First let me say that every bike of the same model runs a little different. Then there's the aftermarket goodies you add to increase performance. Also what was removed from the OEM package like the secondary throttle plates. At the end of the day the maps that are available for download from DynoJet will bring you close to the performance package you are seeking. The best way to go about obtaining the maximum from your equipment is having it dyno'd by a shop that has a DynoJet dynomometer. Second best may be the AutoTune module that DynoJet sells. I'm waiting for mine and want to see how it performs before I pass judgment. Third is by the seat of the pants. I found with the mods I made, i.e. Cobra Speedster Slashdowns, Barons air package and removing the secondary throttle plates that my lower end and some of the mid-range was running lean. I just started changing the cell values richer until I "felt" a power curve that seemed linear. Now I'm checking my gas mileage to see how much that's suffered. There's always a trade off. There's really no way knowing what the factory did in programing the ECU for front vs. rear cylinders. The PCV only adds or subtracts fuel from an existing program. A dyno test would be the only way to fine tune front vs. rear for max. power. My PCIII on another bike was adjustable in that way but I must admit I've just recently installed the PCV on my Vulcan so don't know all the features yet. As far as I can tell the ECU on the Vulcan is not a closed loop system (except for the European version) and thus has no idea how the bike is ridden. Even the European version can only adjust the AFR for stoichiometric values while the engine is running at a steady RPM for an extended period of time. I hope this answers some of your questions.
 

·
Premium Member
Joined
·
104 Posts
Sojourner.

The only program that I am familiar with is ECMspy. Some different terms AFVvsAFR but it must be similar, though from your description of PCV the ECMspy is more advanced. This program strongly suggests you burn a copy of your stock maps to a disc or stick, just in case. For me anyway, on my other ride, the stock program is the base line.

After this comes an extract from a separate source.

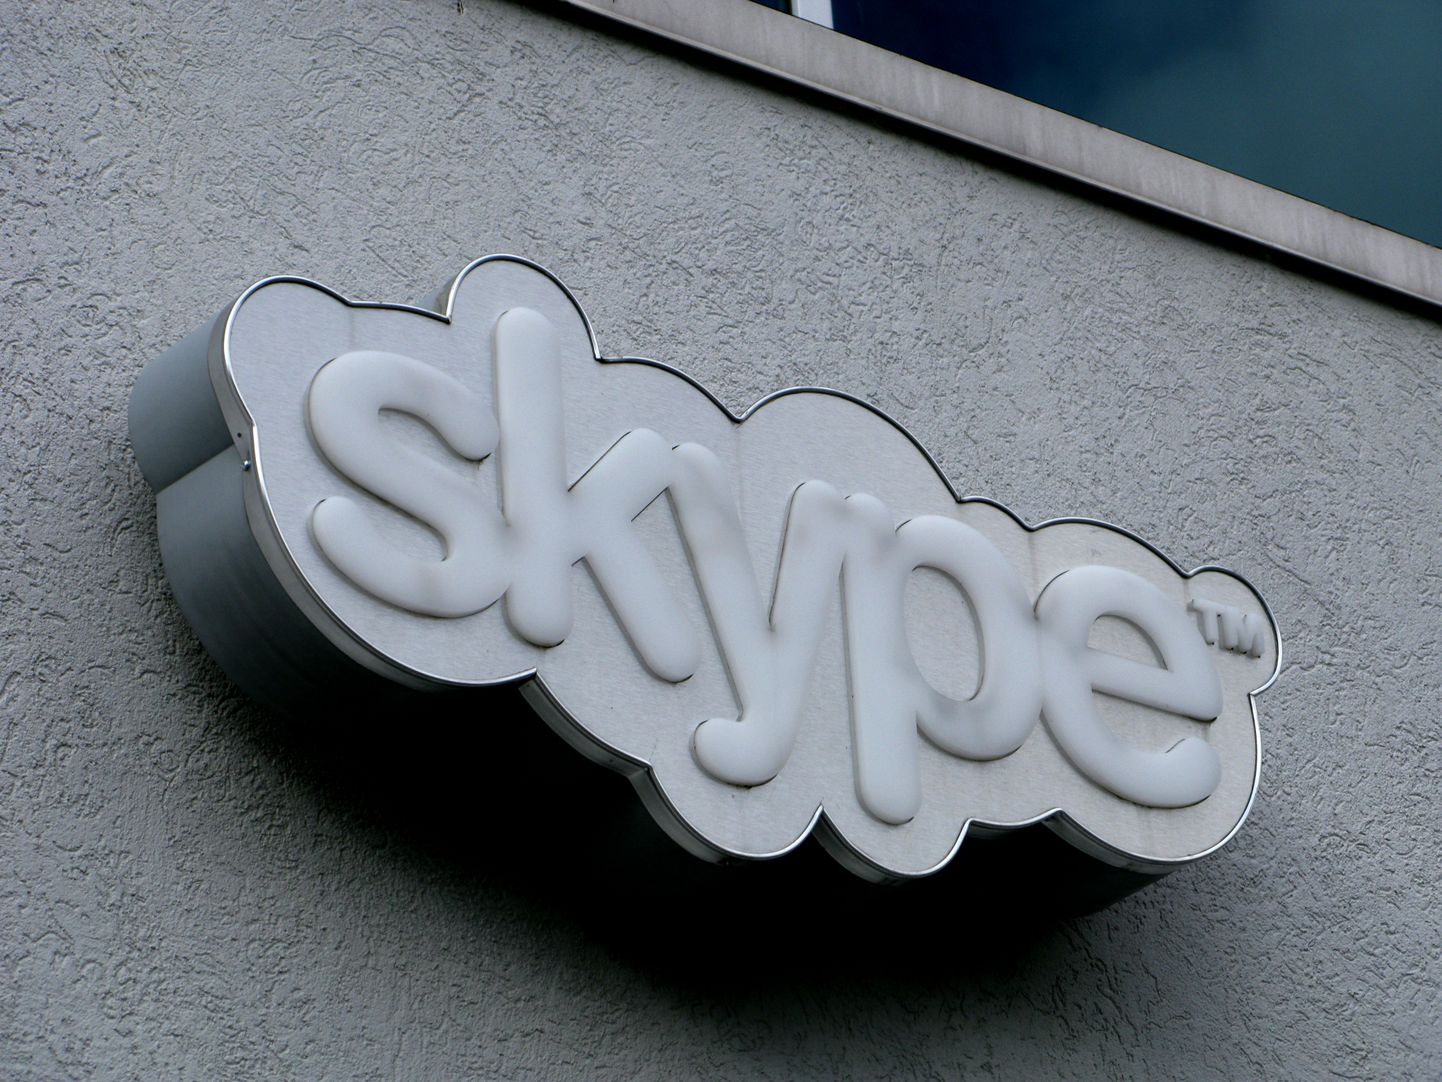 Eesti iduettevõtluse edule pani aluse Skype.
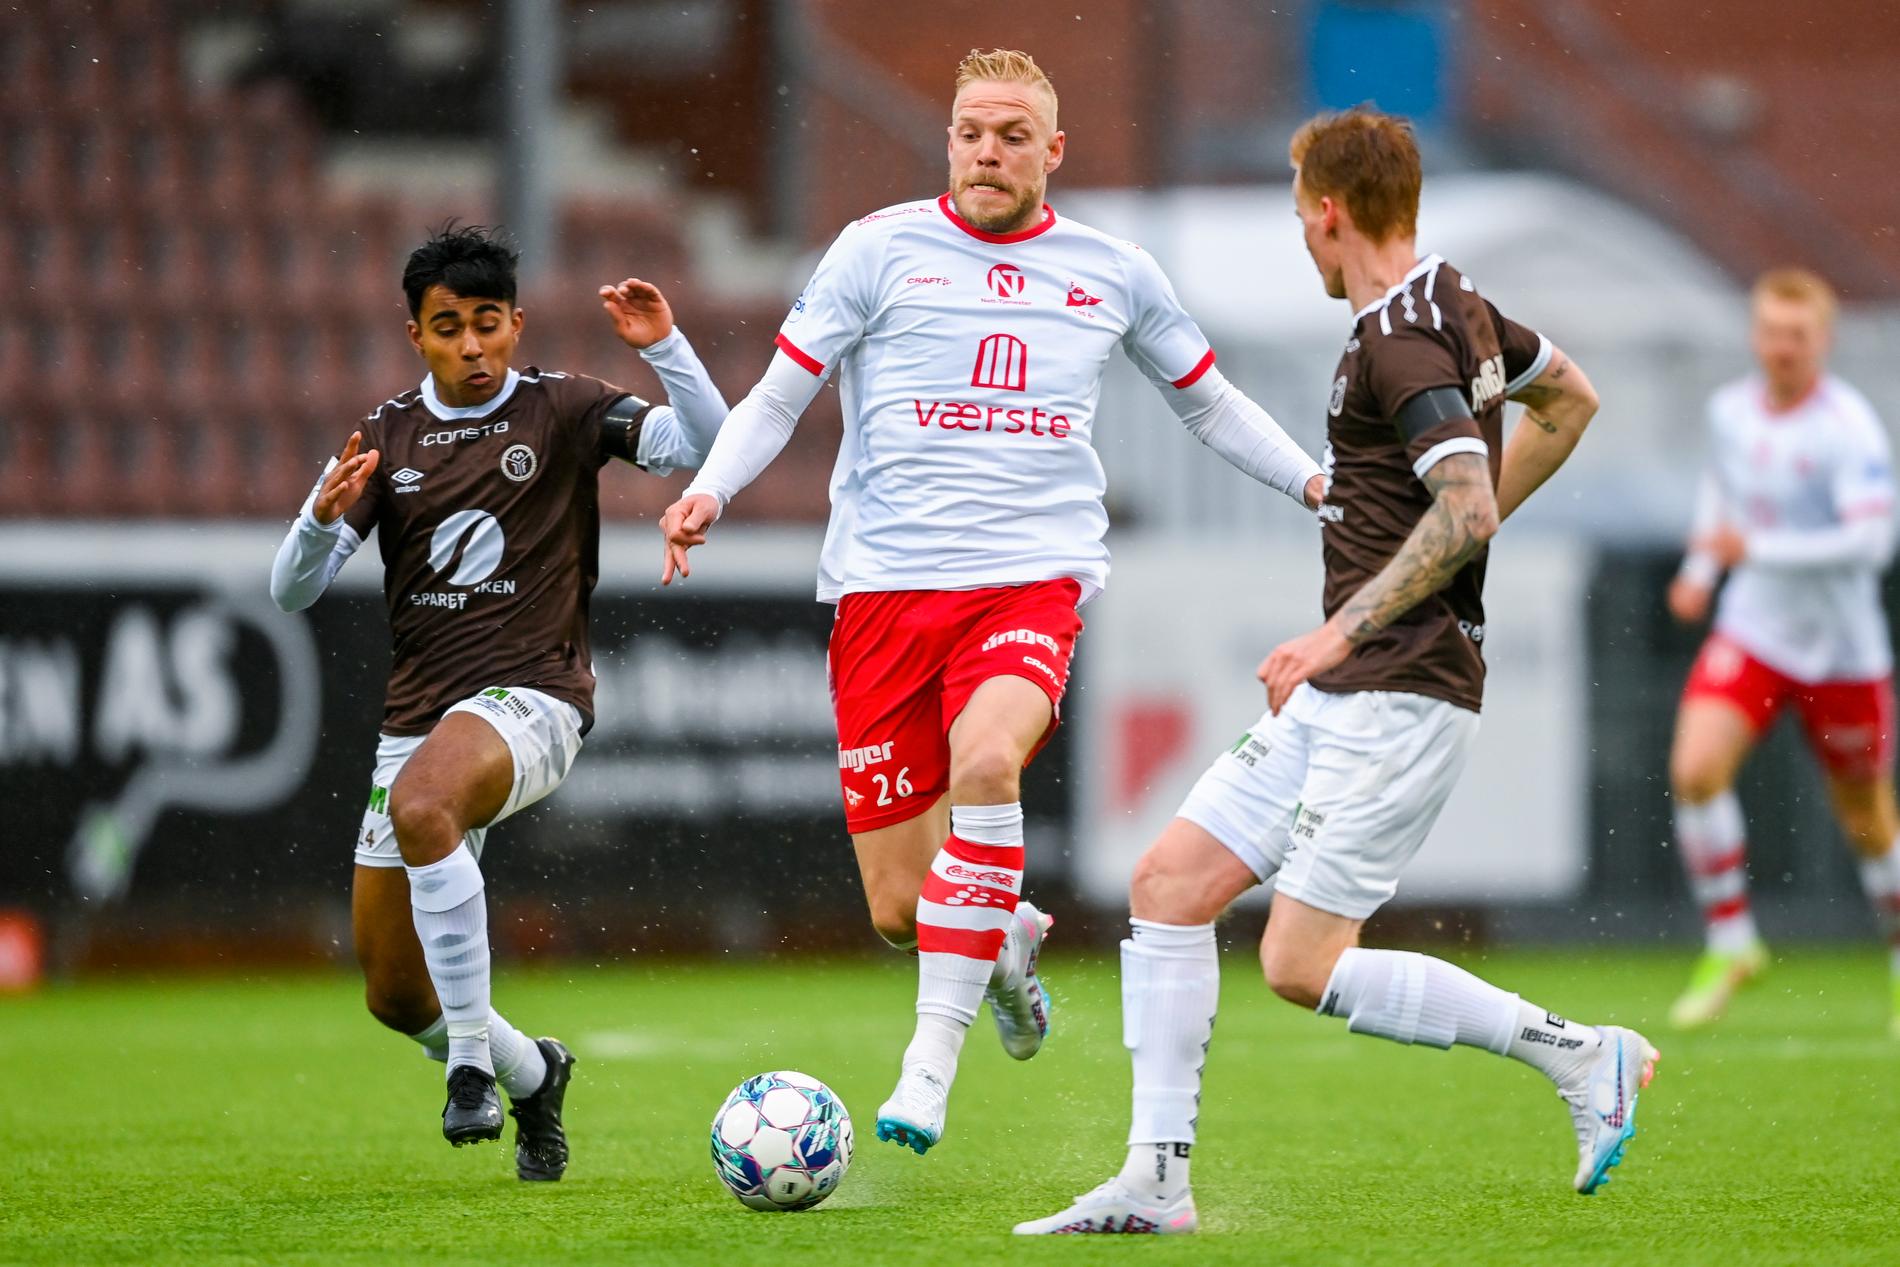 Nielsen pinned more FFK cheers – in-form goalkeeper Mjøndalen had to concede

On the Vulcan I am not looking for HP, only to richen it up from the EPA standard, to remove the baby farts and to see if the rear cylinder can be cooled down a little.

The stoichiometric ratio between the front and rear cylinders is different at least on HD products with the rear running much richer and on the Buell as much as 2-3% richer. I was wondering if the Vulcan is the same, because the rear does run cooler with the water vs. air.